§ **Stored data**:
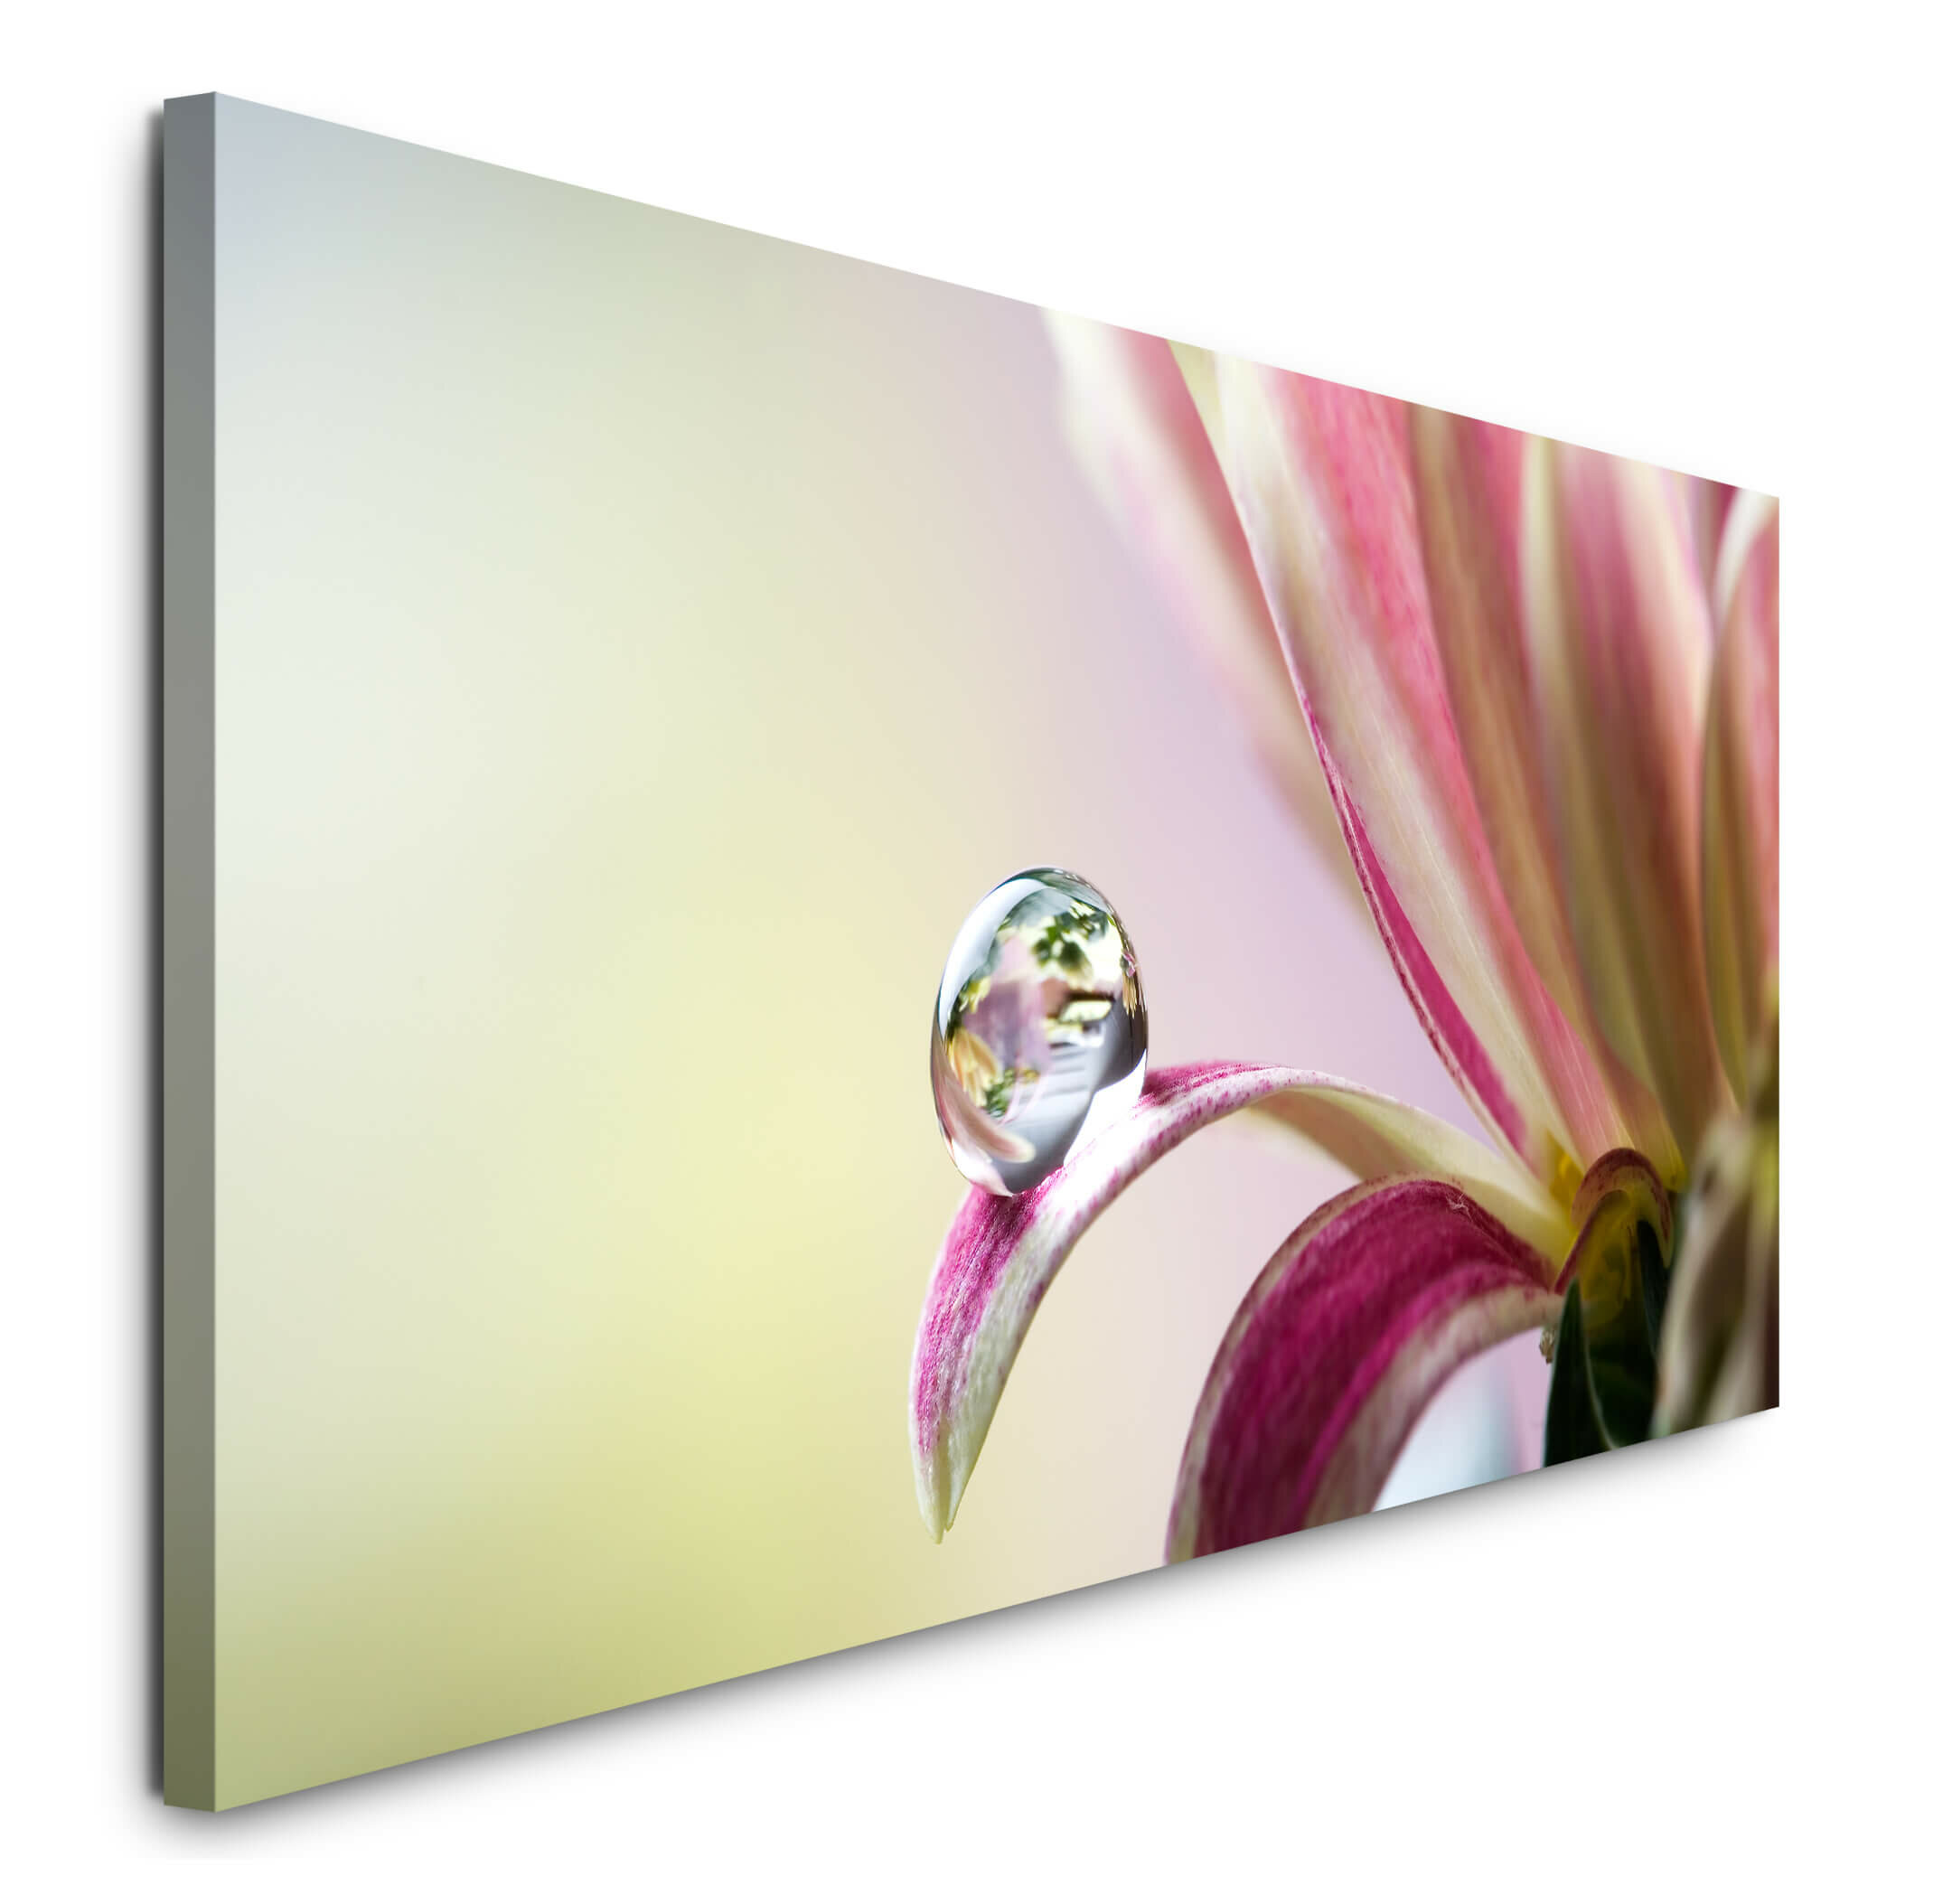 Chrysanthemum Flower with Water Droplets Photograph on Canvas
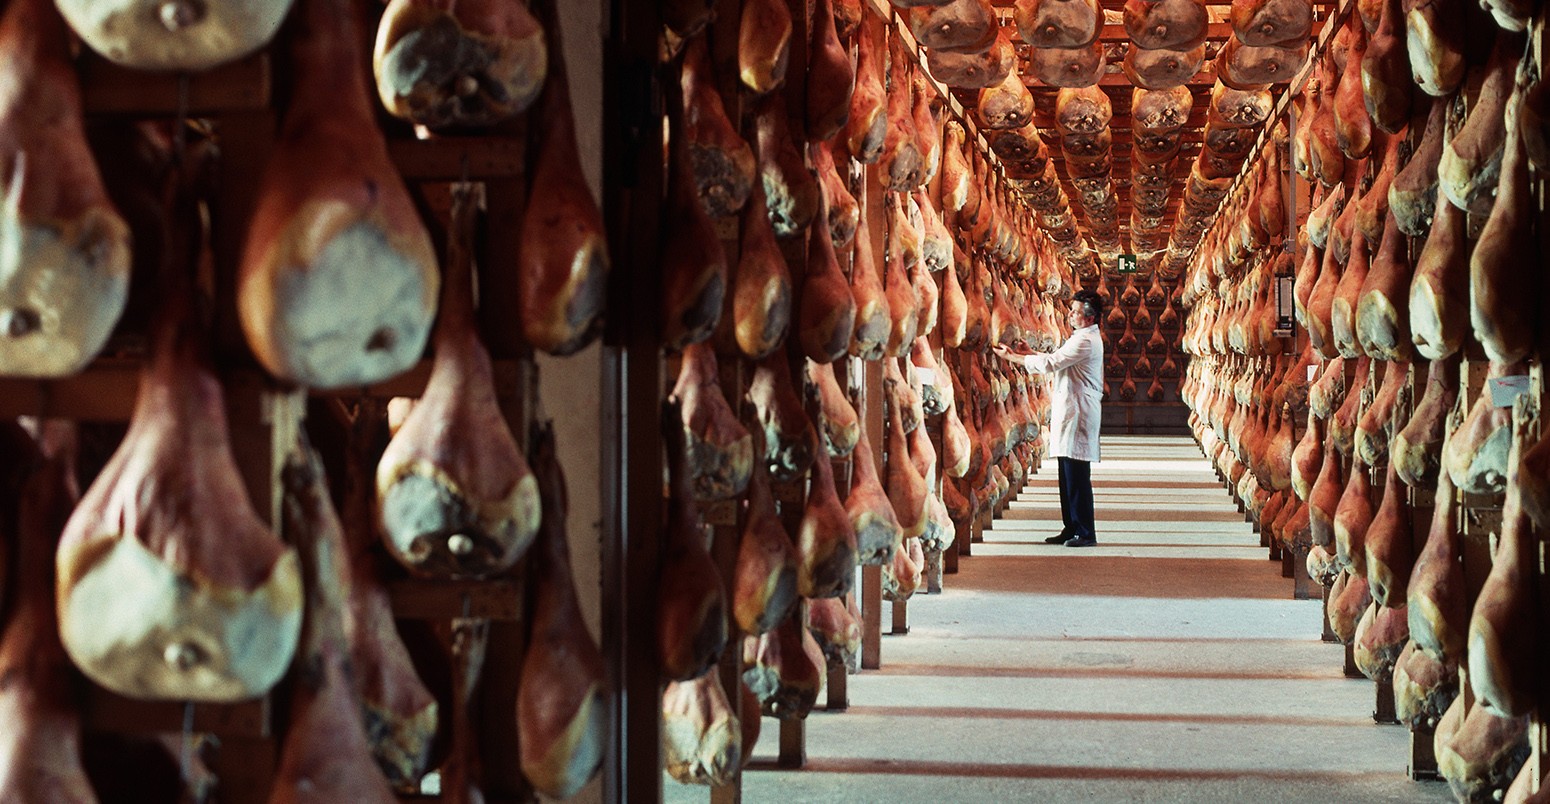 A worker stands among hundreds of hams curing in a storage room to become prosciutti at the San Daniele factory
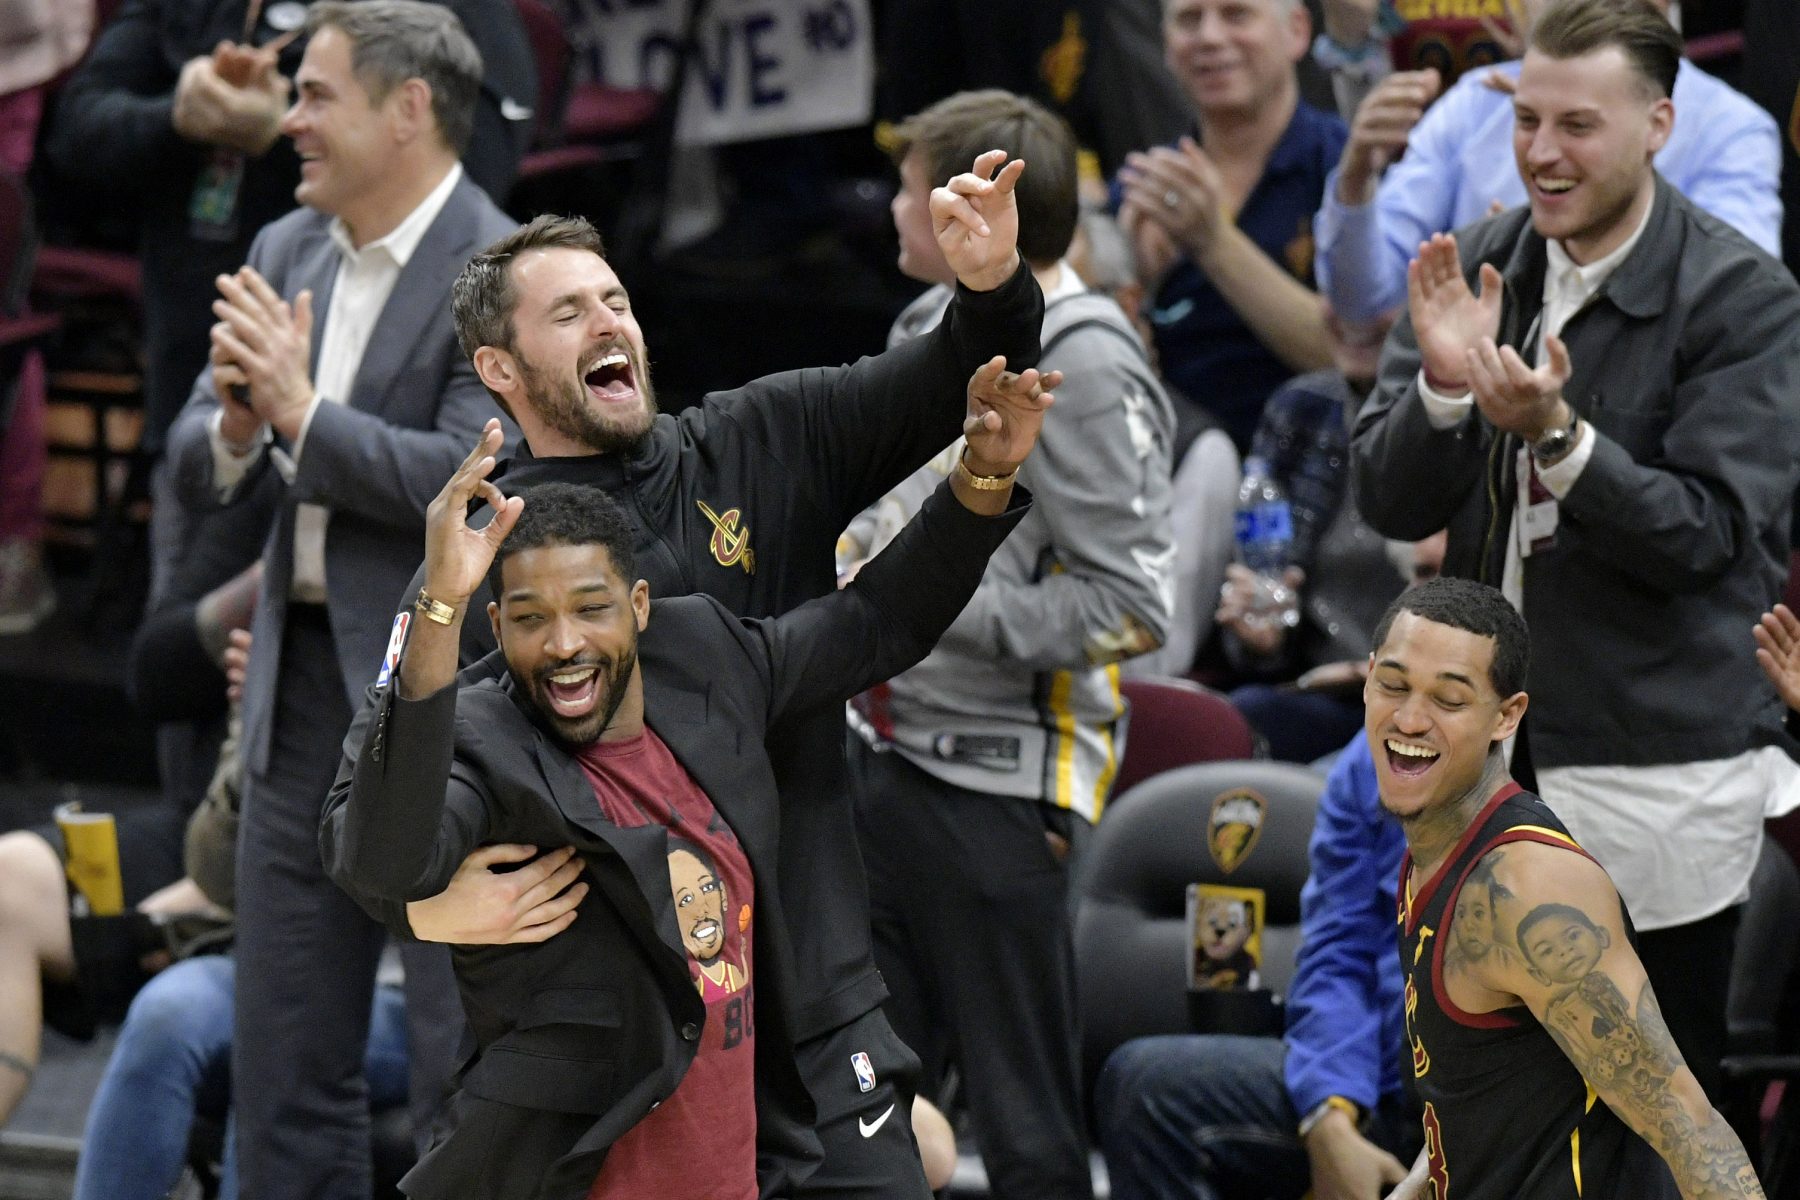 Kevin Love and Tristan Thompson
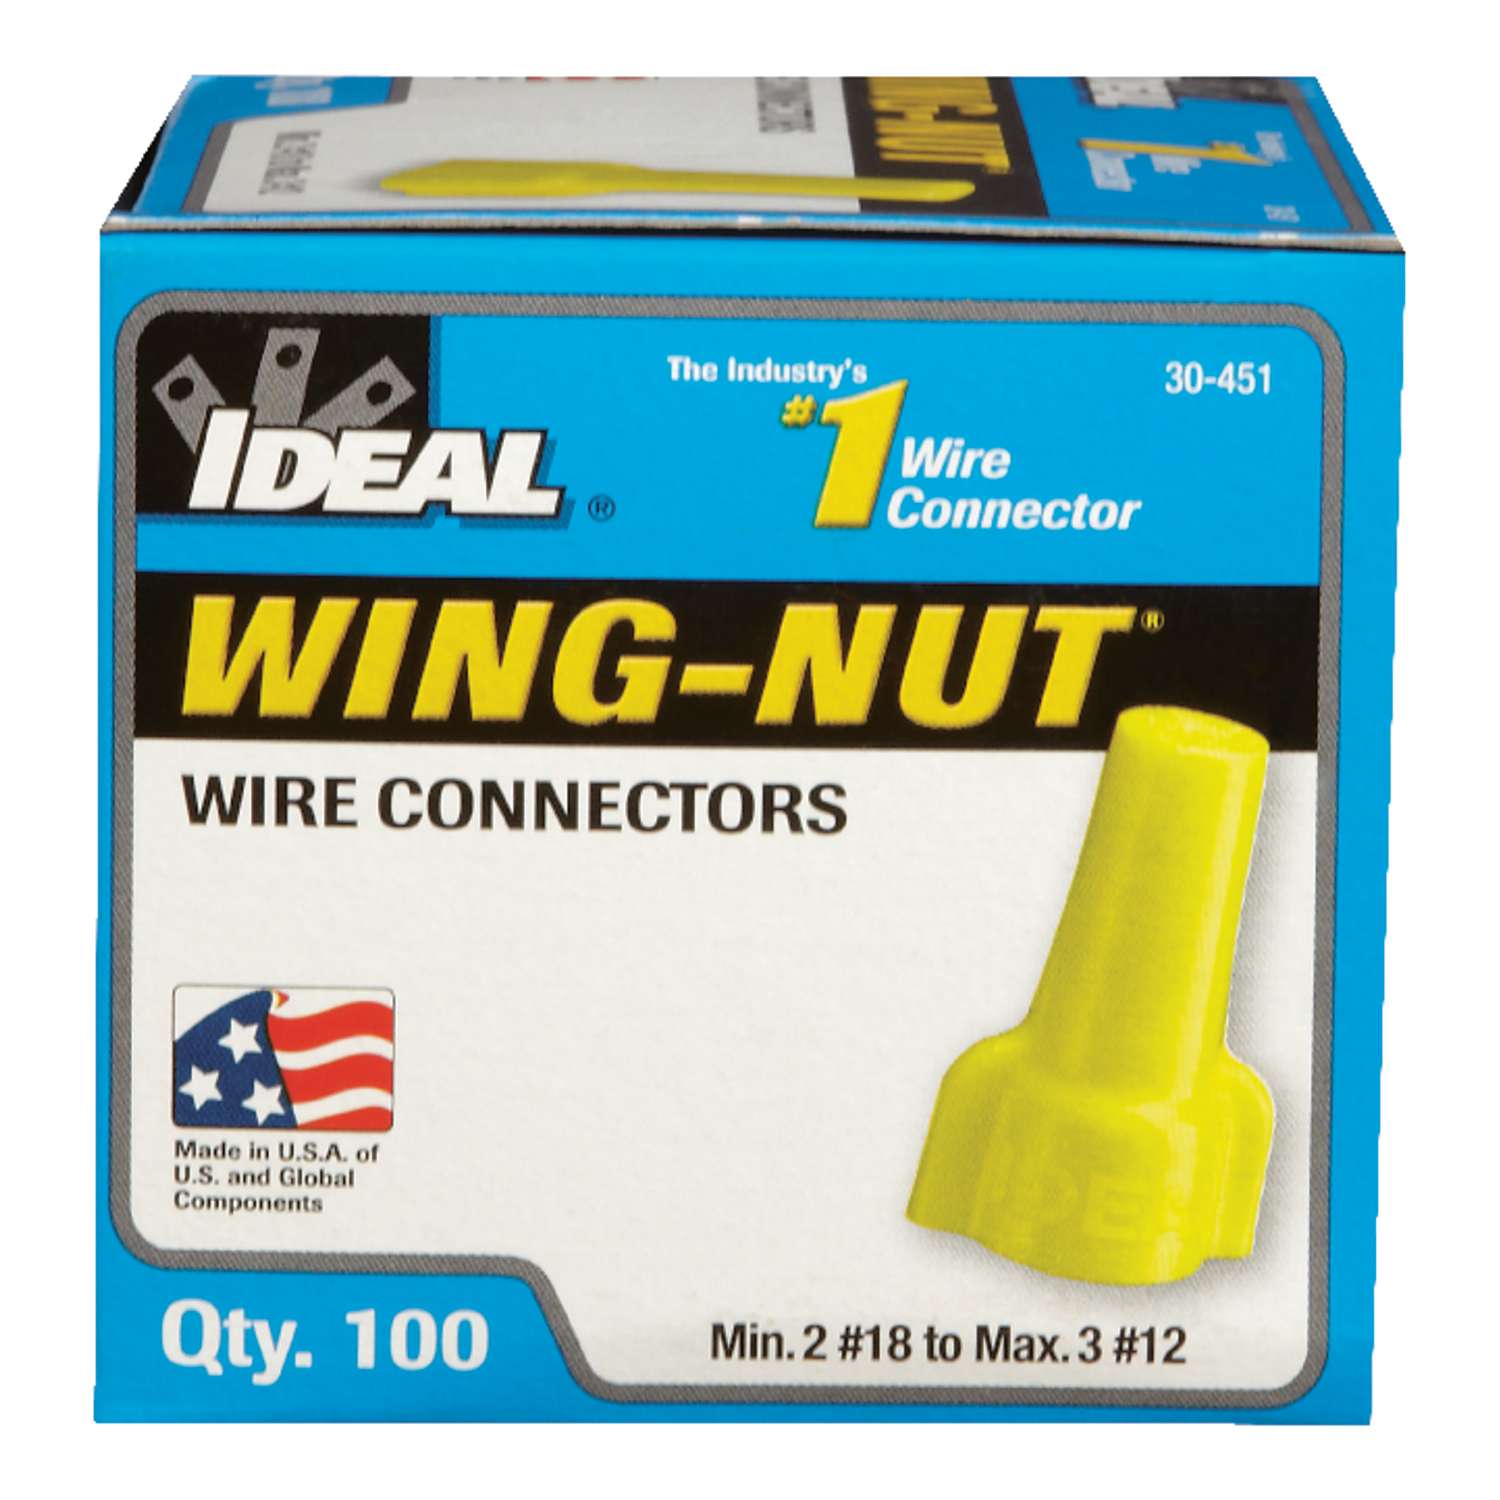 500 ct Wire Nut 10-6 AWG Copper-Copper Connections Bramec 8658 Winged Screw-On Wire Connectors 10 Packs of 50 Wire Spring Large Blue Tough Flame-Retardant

§ **Work order**:
Write out the data precisely as given, excluding the pictures.

§ **Answer space**:
 Chrysanthemum Flower with Water Droplets Photograph on Canvas
 A worker stands among hundreds of hams curing in a storage room to become prosciutti at the San Daniele factory
 Kevin Love and Tristan Thompson
 500 ct Wire Nut 10-6 AWG Copper-Copper Connections Bramec 8658 Winged Screw-On Wire Connectors 10 Packs of 50 Wire Spring Large Blue Tough Flame-Retardant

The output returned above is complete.